> _What the exercise asks_: Repeat only the lines from the one containing "Look Denim 2015" to the final line below, exactly as they read, and leave every picture out.

> _Given material_:

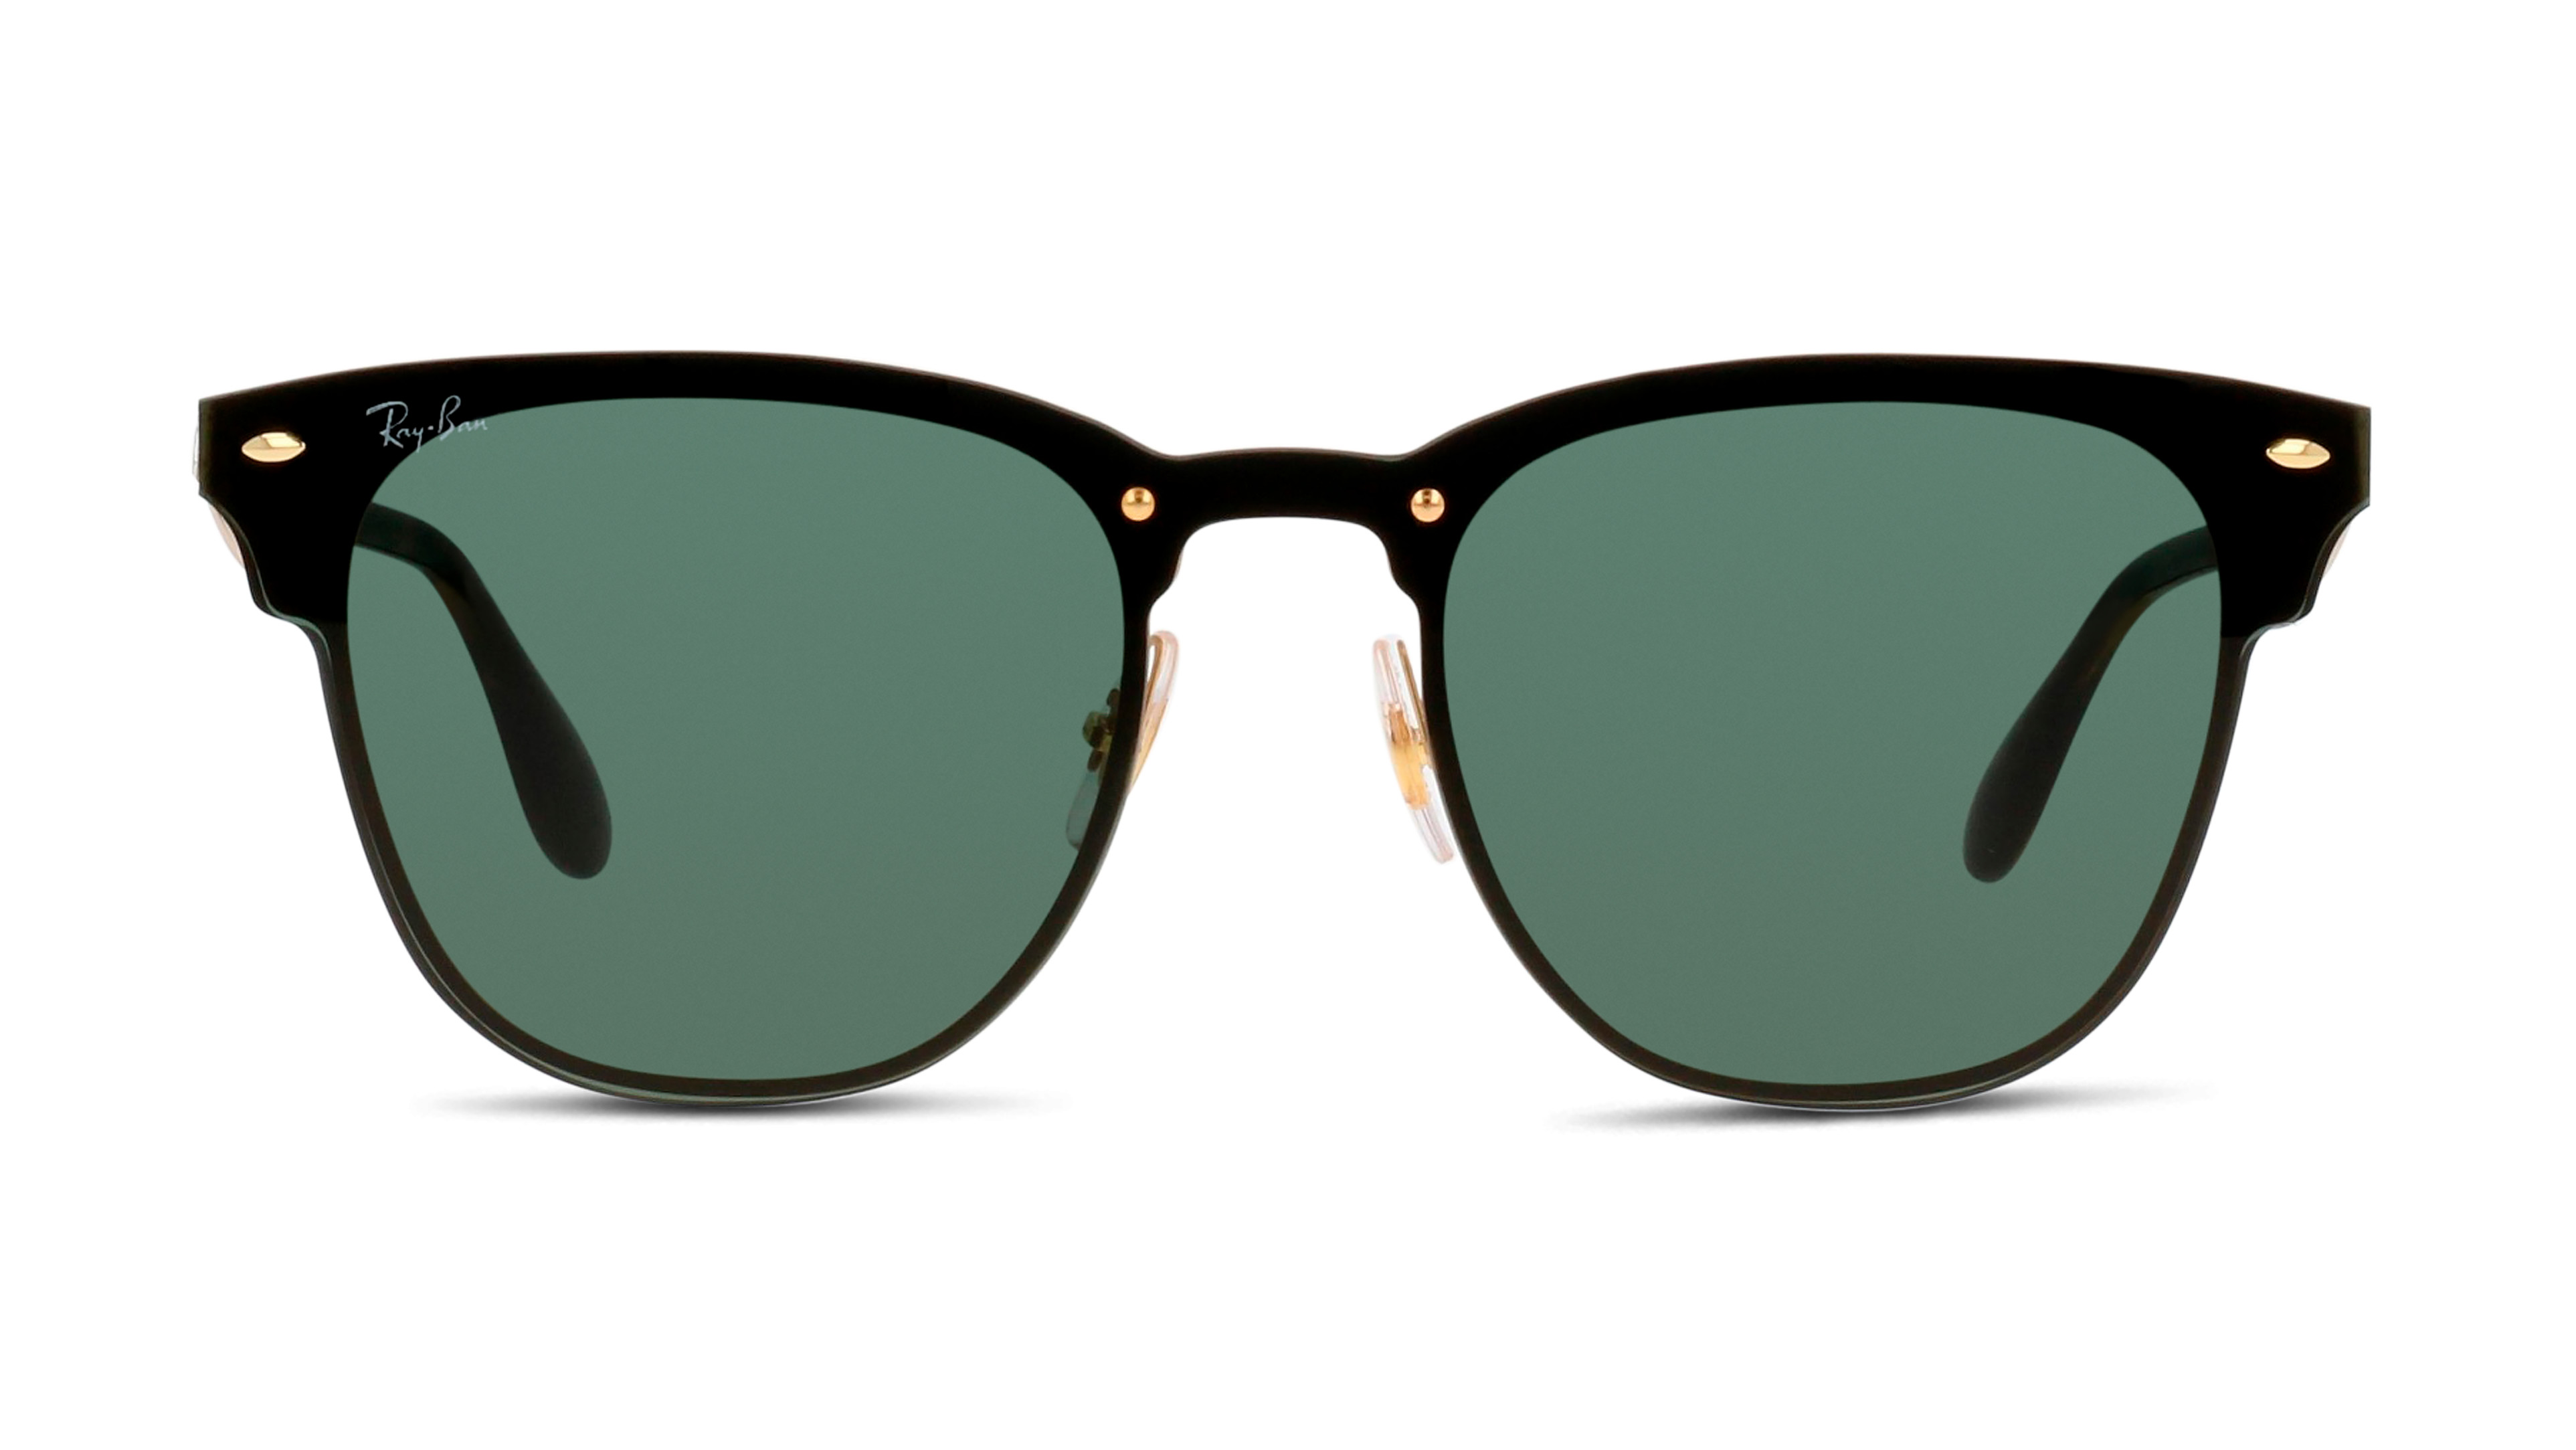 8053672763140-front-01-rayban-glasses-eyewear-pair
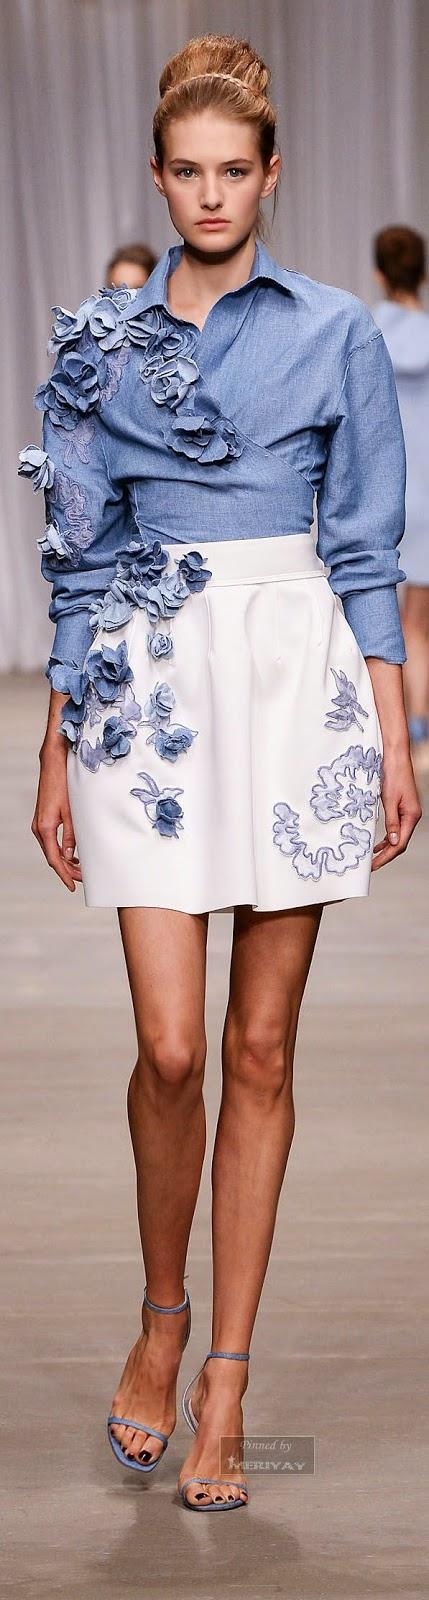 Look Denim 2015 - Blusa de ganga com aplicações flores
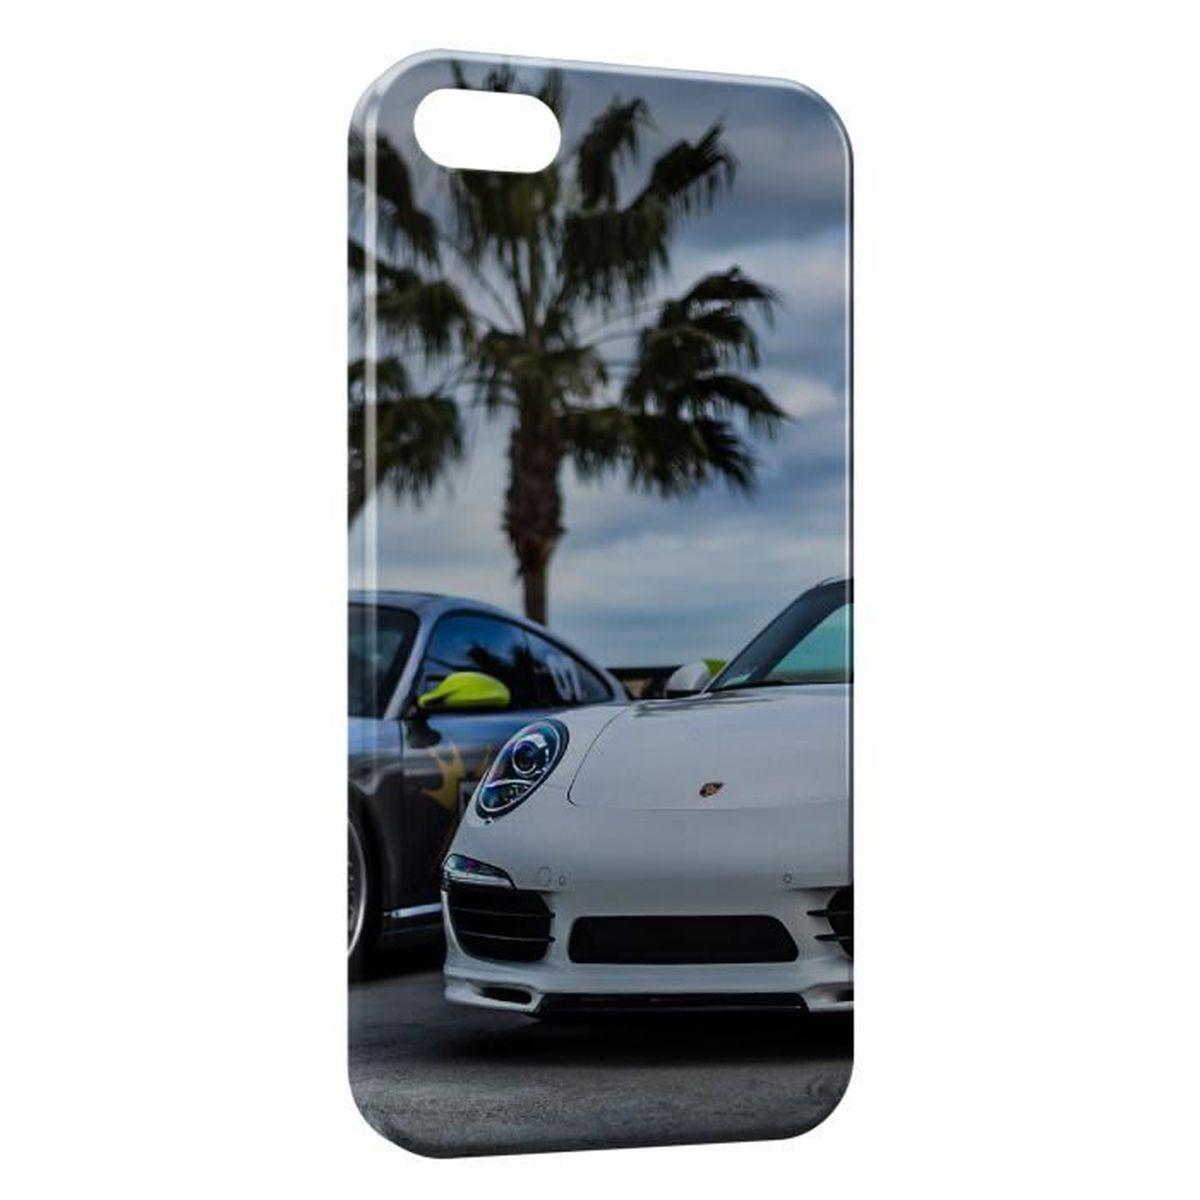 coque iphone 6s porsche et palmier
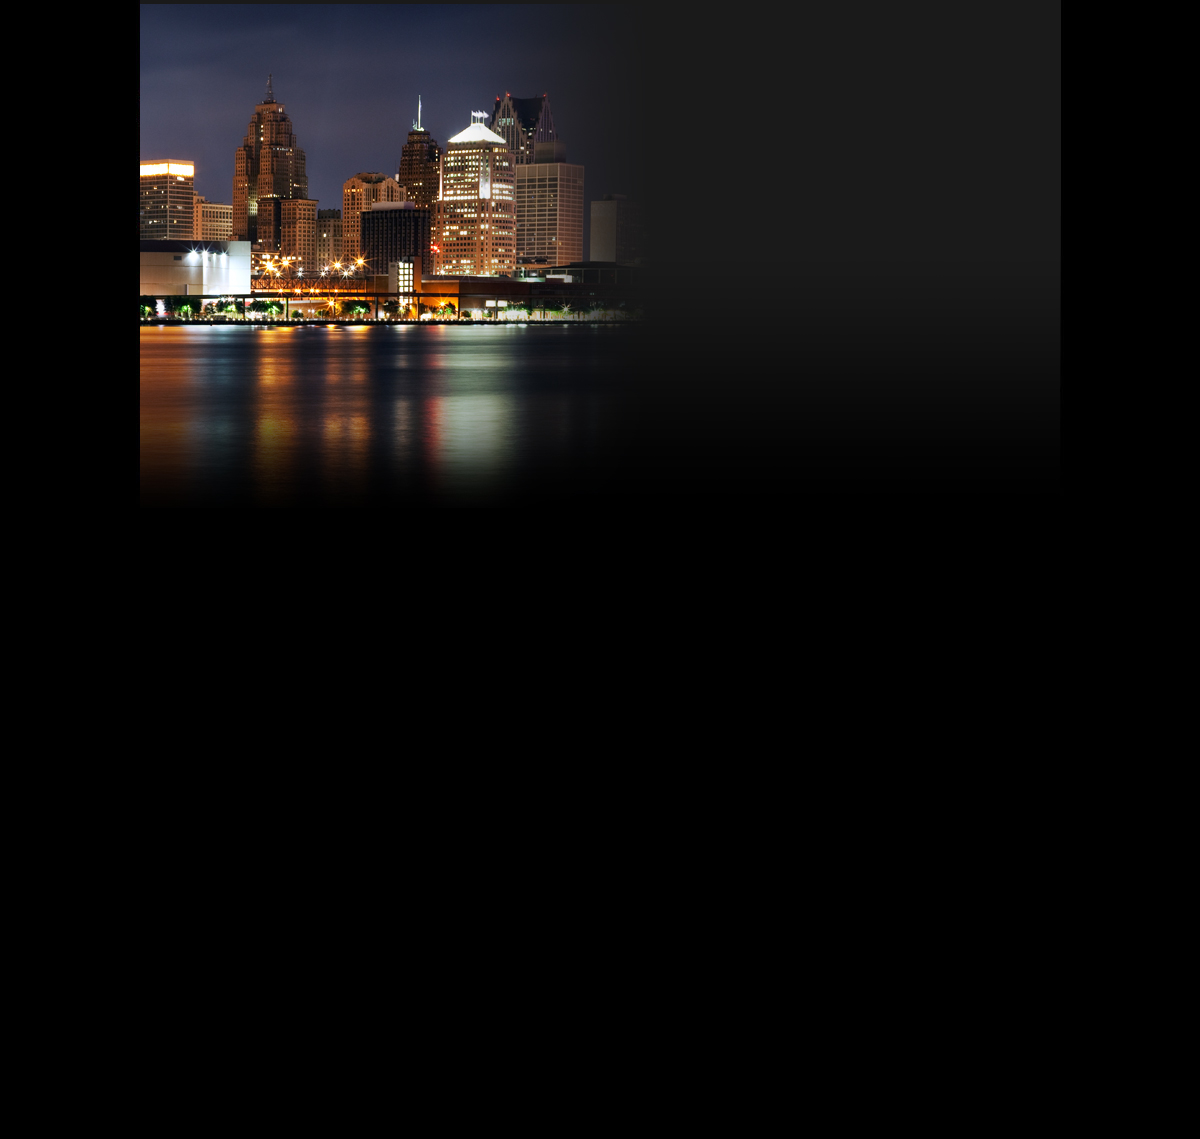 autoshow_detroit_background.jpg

> _Reply_:
 Look Denim 2015 - Blusa de ganga com aplicações flores
 coque iphone 6s porsche et palmier
 autoshow_detroit_background.jpg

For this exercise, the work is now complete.